Walking in Greenhall Park in August 2015, I noticed that large areas of the sloping field were covered in little mounds of earth. This is of course due to the burrowing nighttime activity of moles.
It reminded me of my grandmother, Mary Duncan (nee Danskin) of Stonefield Crescent. During the 1970’s, my gran, then in her 60’s would pull a little shopping trolley (you know the kind you pulled behind you on a handle with 2 wheels) and head off to the Calder. She would collect that fine soil and wheel it all the way back to the garden at Stonefield Crescent. An avid gardener, this soil would then be mixed through the flower and vegetable patches, which were originally laden with clay and heavy soil. The fine soil made the digging more manageable and changed the content of the soil to something much more suitable for maintaining and growing a thriving garden. The concept of buying a bag of topsoil in a shop, would have been horrifying to her!

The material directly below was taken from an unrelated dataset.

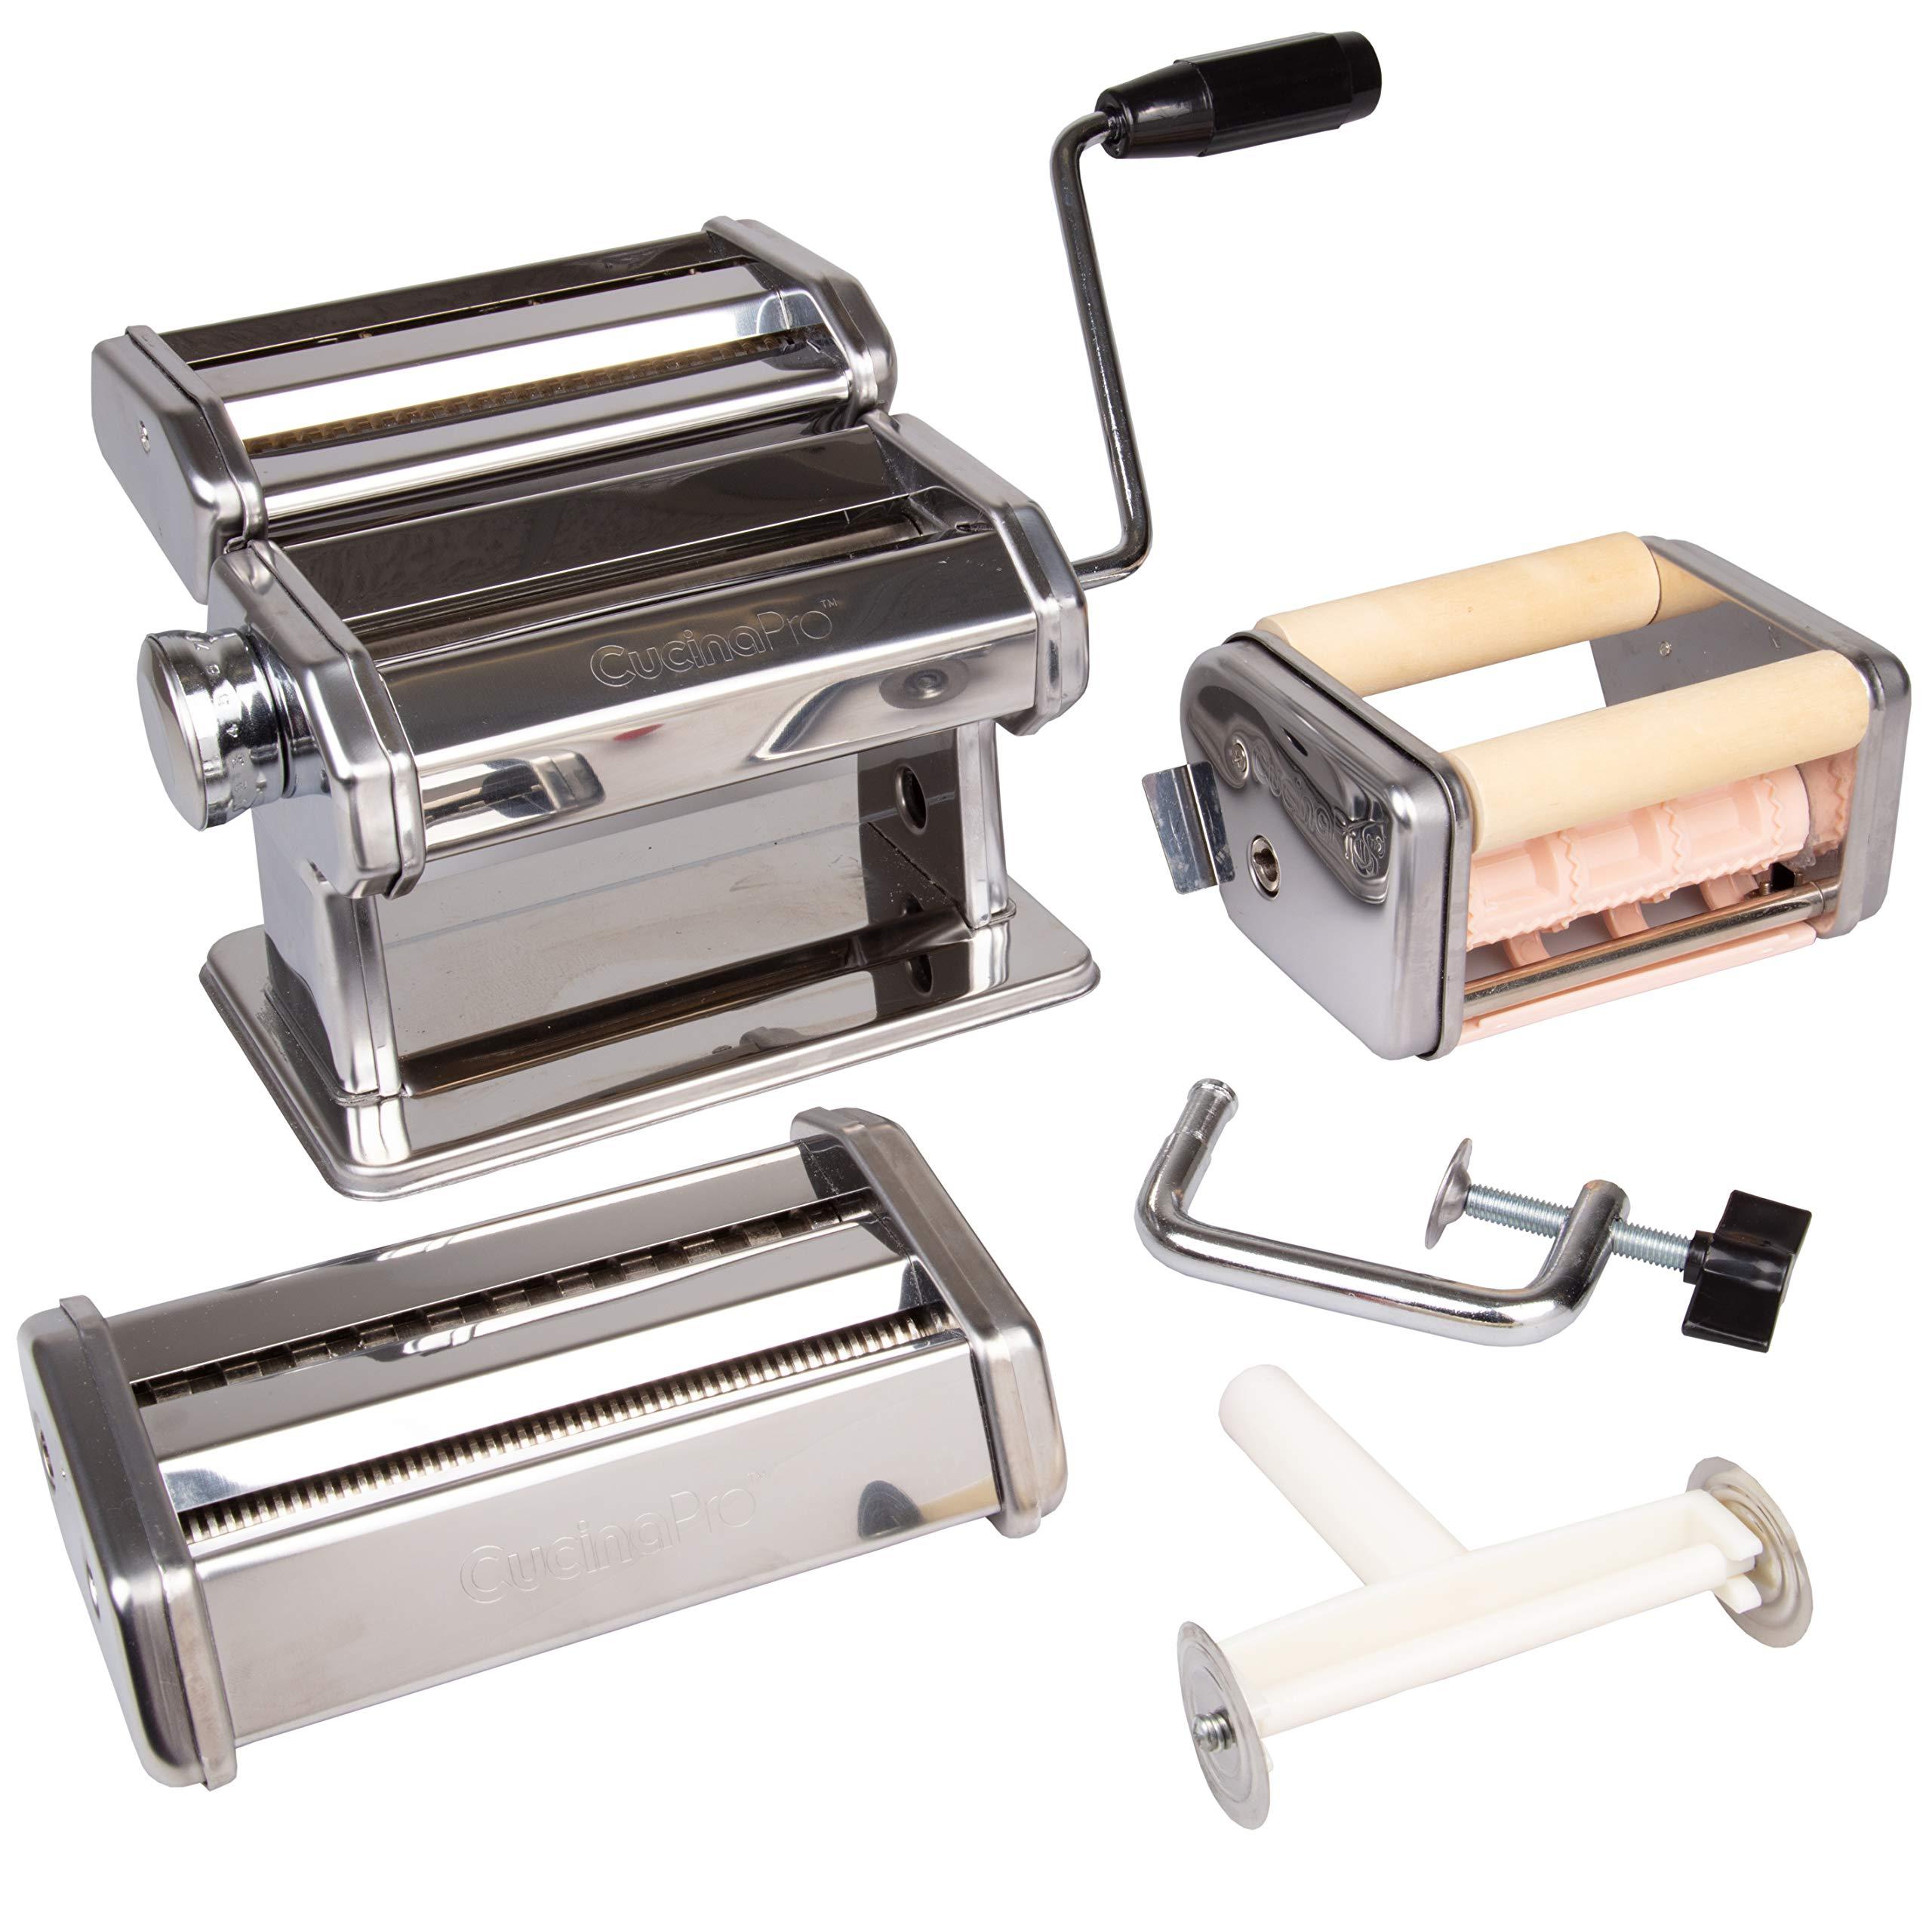 Pasta Maker Deluxe Set- Machine w Attachments for 5 Authentic Pastas- Spaghetti, Fettucini, Angel Hair, Ravioli, Lasagnette All in One by CucinaPro

To this day, my sister now living at that house, (and probably unaware of the above), has a garden that has a fine soil, due to years of gran and her trolley trips to the Calder! It must have worked too. My childhood memories of gran’s garden include seeing and tasting raspberries, gooseberries, peas, potatoes, carrots, onions and many more fruit and veg! Who knows, maybe it is the secret she lived a long life.